Стоит только признать, что цель волнений европейских народов нам неизвестна, а известны только факты, состоящие в убийствах, сначала во Франции, потом в Италии, в Африке, в Пруссии, в Австрии, в Испании, в России, и что движения с запада на восток и с востока на запад составляют сущность и цель этих событий, и нам не только не нужно будет видеть исключительность и гениальность в характерах Наполеона и Александра, но нельзя будет представить себе эти лица иначе, как такими же людьми, как и все остальные; и не только не нужно будет объяснять случайностию тех мелких событий, которые сделали этих людей тем, чем они были, но будет ясно, что все эти мелкие события были необходимы.
Отрешившись от знания конечной цели, мы ясно поймем, что точно так же, как ни к одному растению нельзя придумать других, более соответственных ему, цвета и семени, чем те, которые оно производит, точно так же невозможно придумать других двух людей, со всем их прошедшим, которое соответствовало бы до такой степени, до таких мельчайших подробностей тому назначению, которое им предлежало исполнить.


Основной, существенный смысл европейских событий начала нынешнего столетия есть воинственное движение масс европейских народов с запада на восток и потом с востока на запад. Первым зачинщиком этого движения было движение с запада на восток.
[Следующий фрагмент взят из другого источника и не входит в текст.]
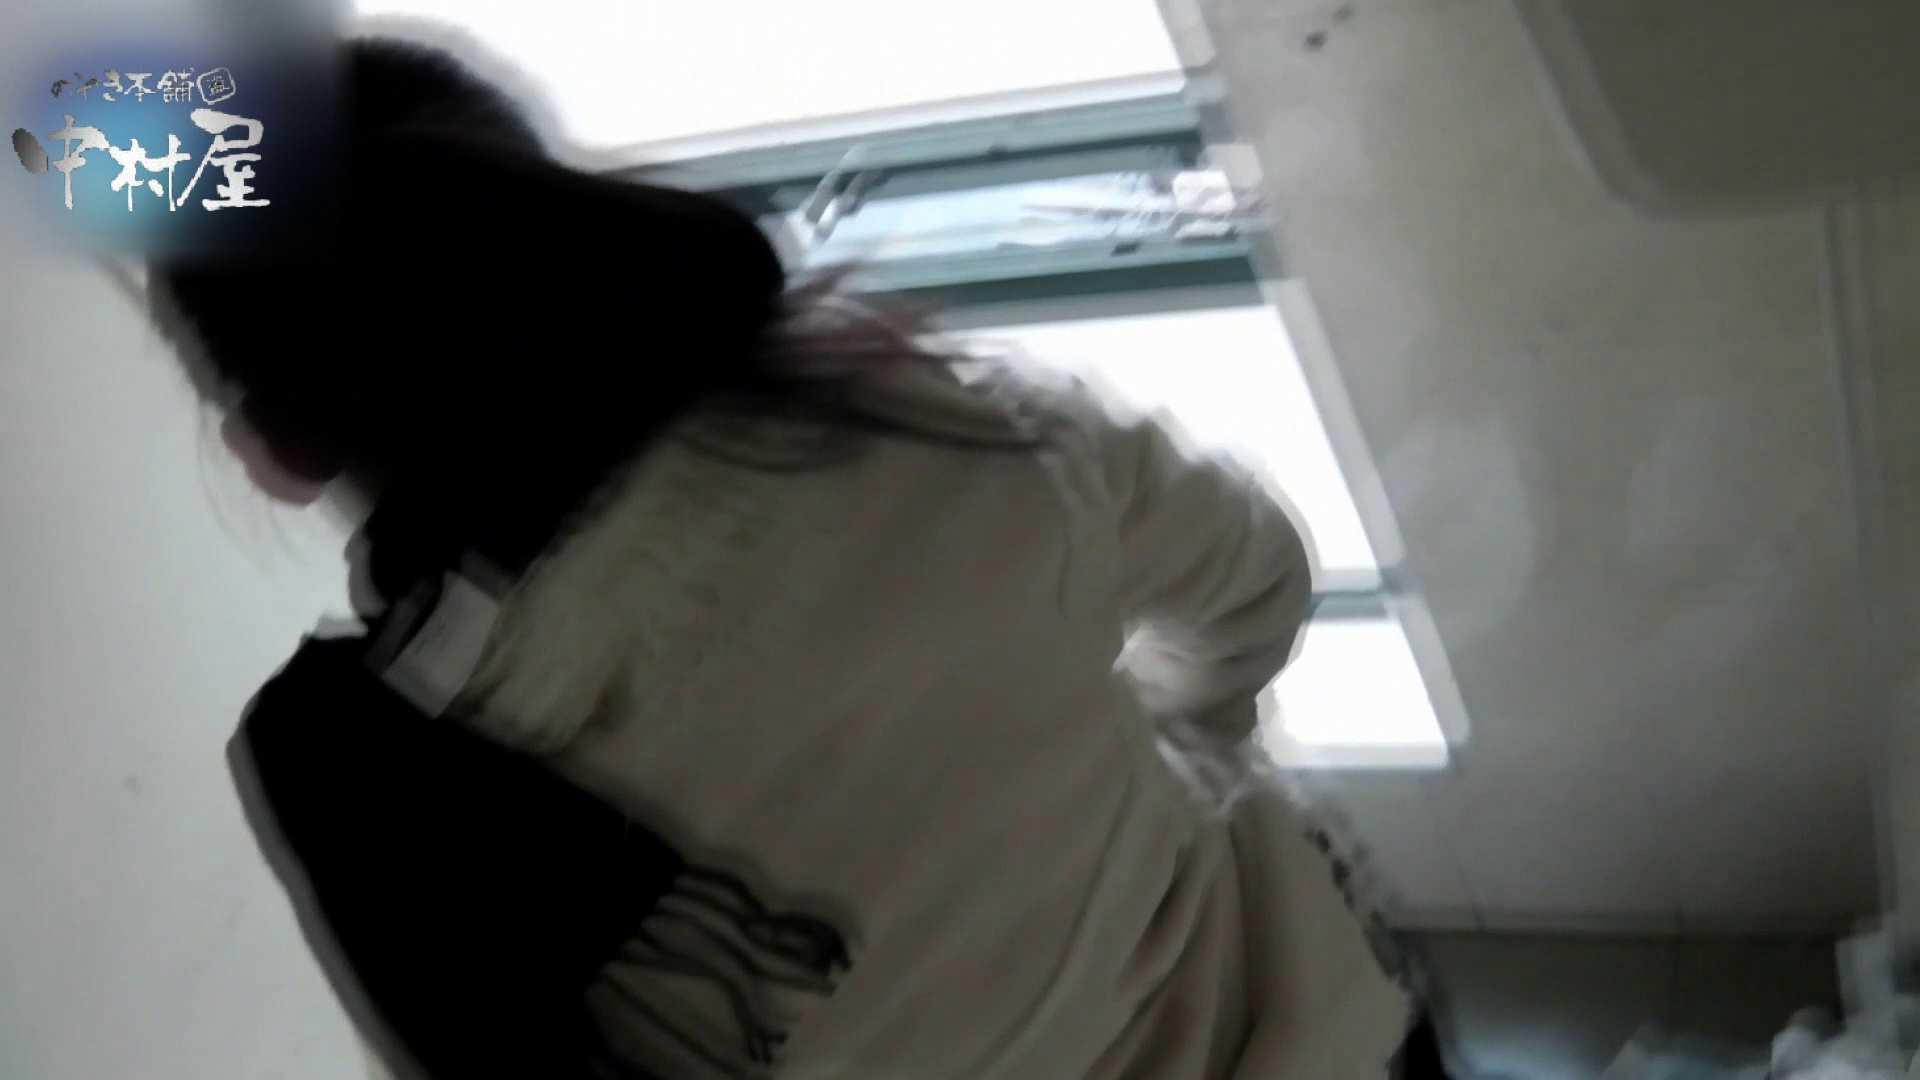 乙女集まる!ショッピングモール潜入撮vol.06 丸見え AV動画キャプチャ 108連発 70

Для того чтобы народы запада могли совершить то воинственное движение до Москвы, которое они совершили, необходимо было: 1) чтобы они сложились в воинственную группу такой величины, которая была бы в состоянии вынести столкновение с воинственной группой востока; 2) чтобы они отрешились от всех установившихся преданий и привычек и 3) чтобы, совершая свое воинственное движение, они имели во главе своей человека, который, и для себя и для них, мог бы оправдывать имеющие совершиться обманы, грабежи и убийства, которые сопутствовали этому движению.
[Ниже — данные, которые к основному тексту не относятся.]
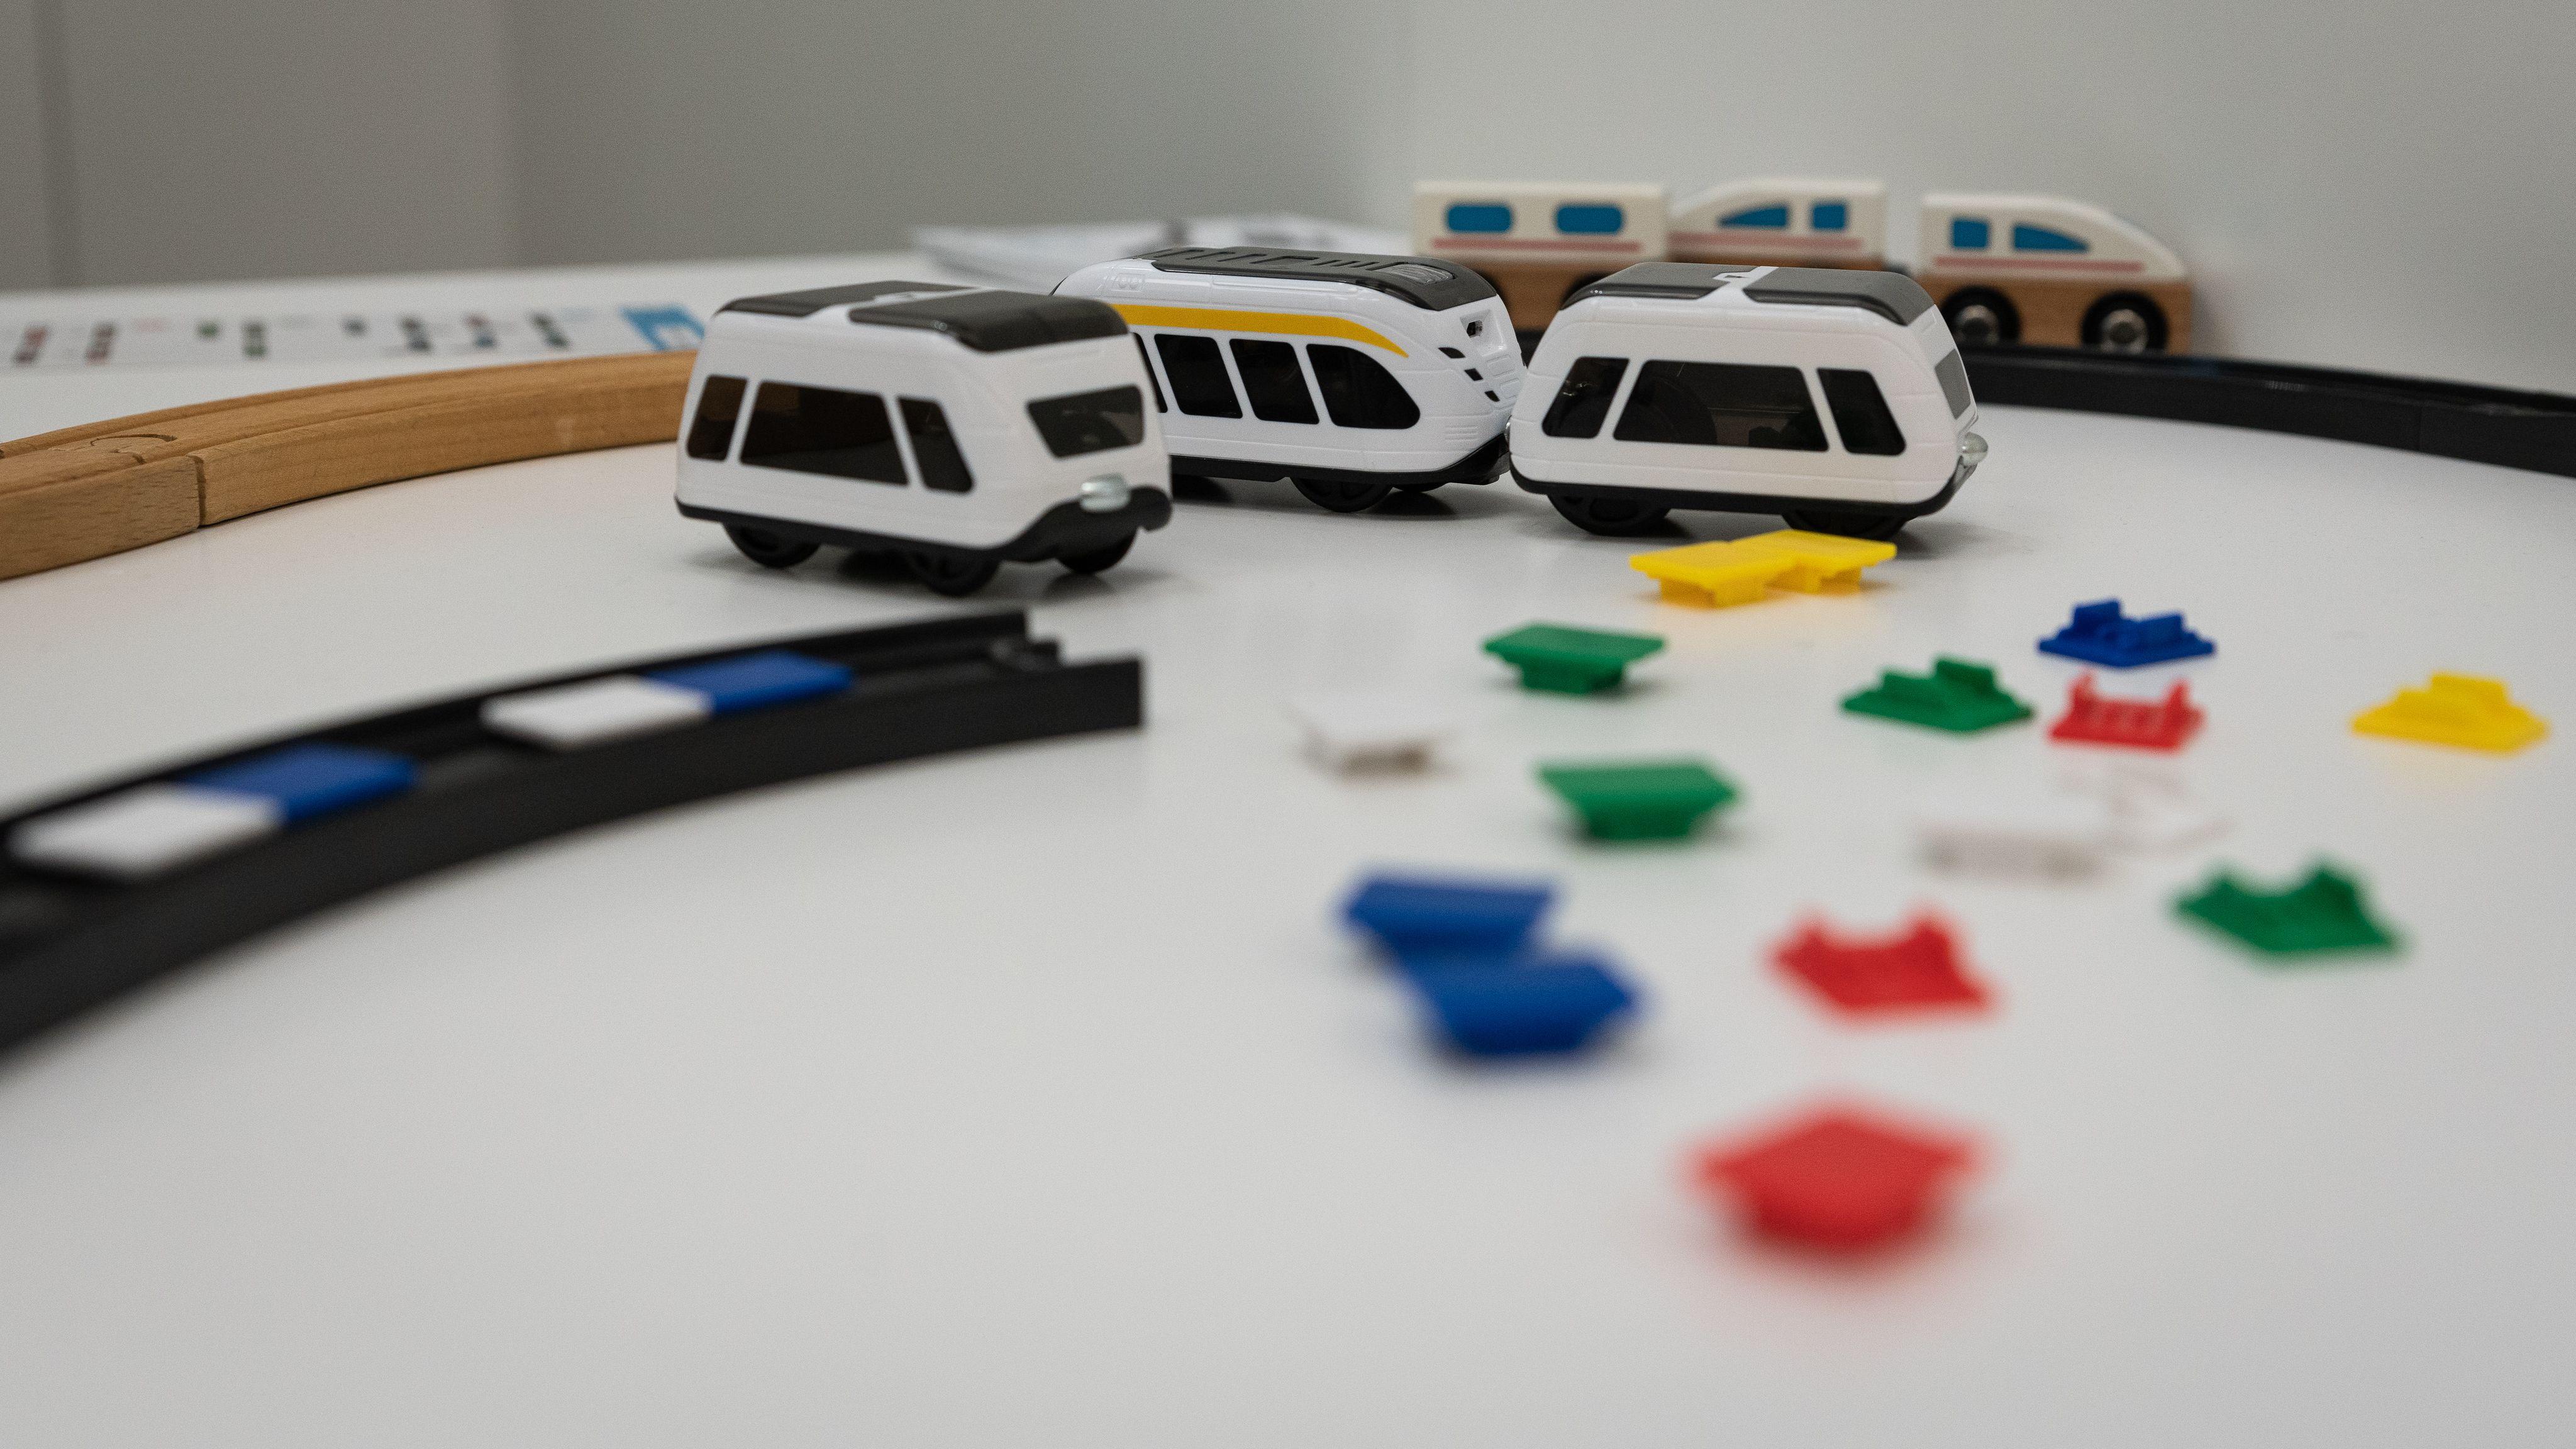 Diese Züge sind smart und können von Kindern programmiert werden

И начиная с французской революции разрушается старая, недостаточно великая группа; уничтожаются старые привычки и предания; вырабатываются, шаг за шагом, группа новых размеров, новые привычки и предания, и приготовляется тот человек, который должен стоять во главе будущего движения и нести на себе всю ответственность имеющего совершиться.
Человек без убеждений, без привычек, без преданий, без имени, даже не француз, самыми, кажется, странными случайностями продвигается между всеми волнующими Францию партиями и, не приставая ни к одной из них, выносится на заметное место.
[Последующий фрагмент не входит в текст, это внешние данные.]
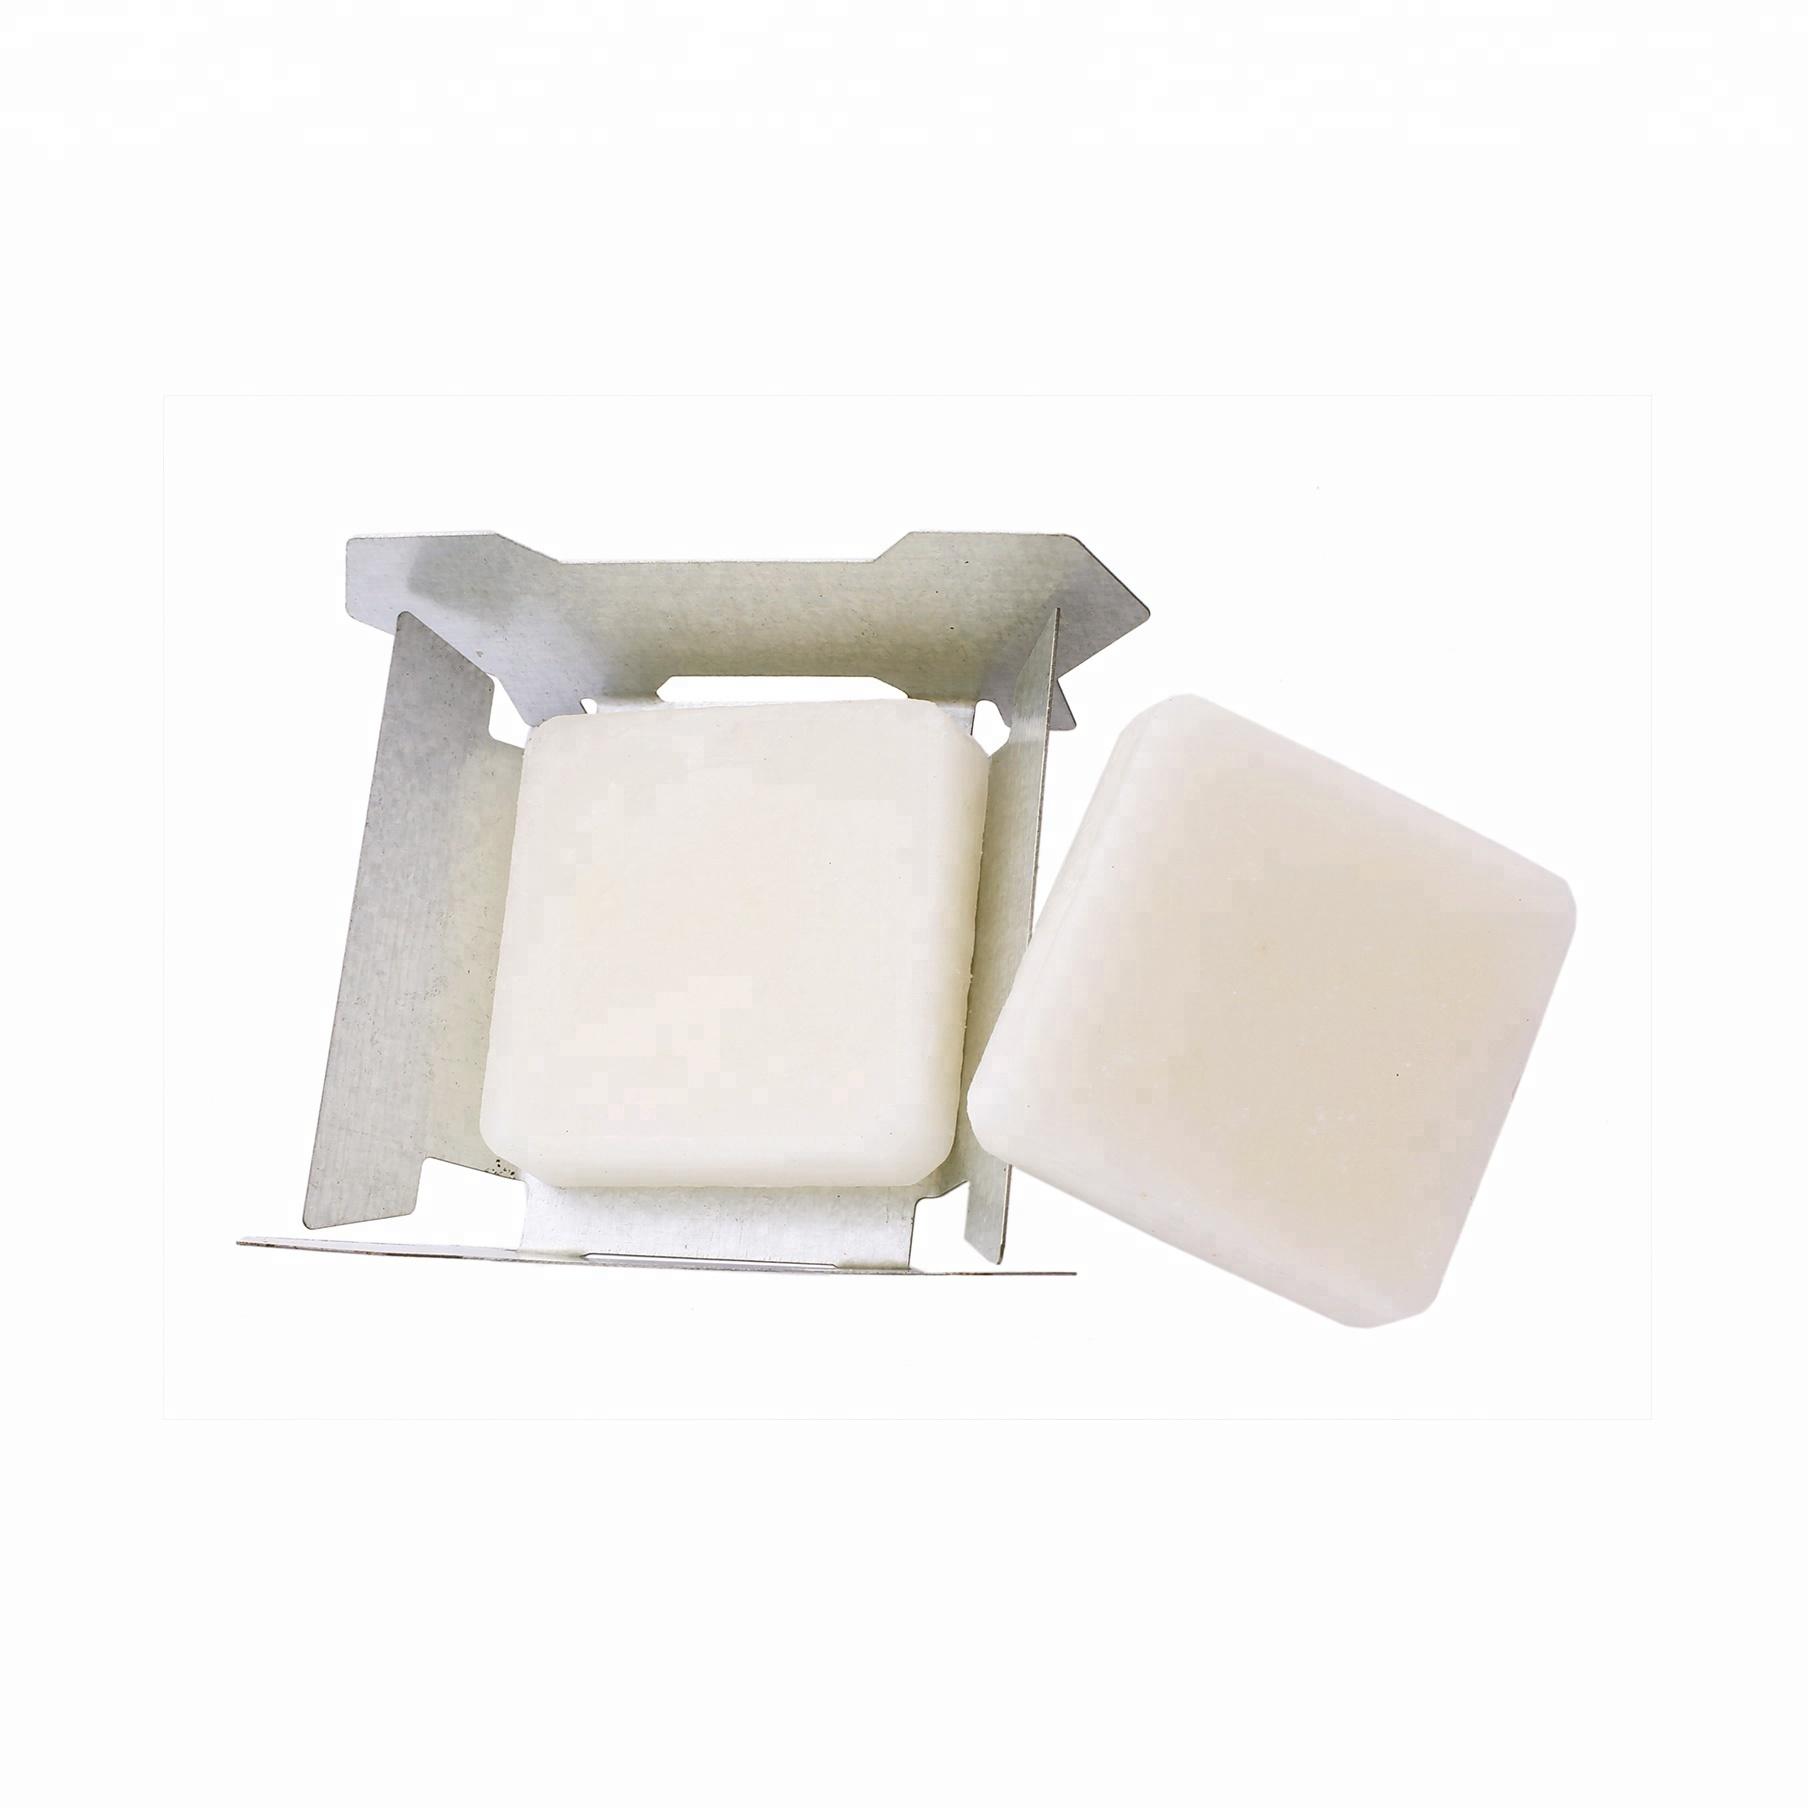 HongQiang 8pcs/box Hexamine solid fuel tablets

Невежество сотоварищей, слабость и ничтожество противников, искренность лжи и блестящая и самоуверенная ограниченность этого человека выдвигают его во главу армии. Блестящий состав солдат итальянской армии, нежелание драться противников, ребяческая дерзость и самоуверенность приобретают ему военную славу. Бесчисленное количество так называемых случайностей сопутствует ему везде. Немилость, в которую он впадает у правителей Франции, служит ему в пользу. Попытки его изменить предназначенный ему путь не удаются: его не принимают на службу в Россию, и не удается ему определение в Турцию. Во время войн в Италии он несколько раз находится на краю гибели и всякий раз спасается неожиданным образом. Русские войска, те самые, которые могут разрушить его славу, по разным дипломатическим соображениям, не вступают в Европу до тех пор, пока он там.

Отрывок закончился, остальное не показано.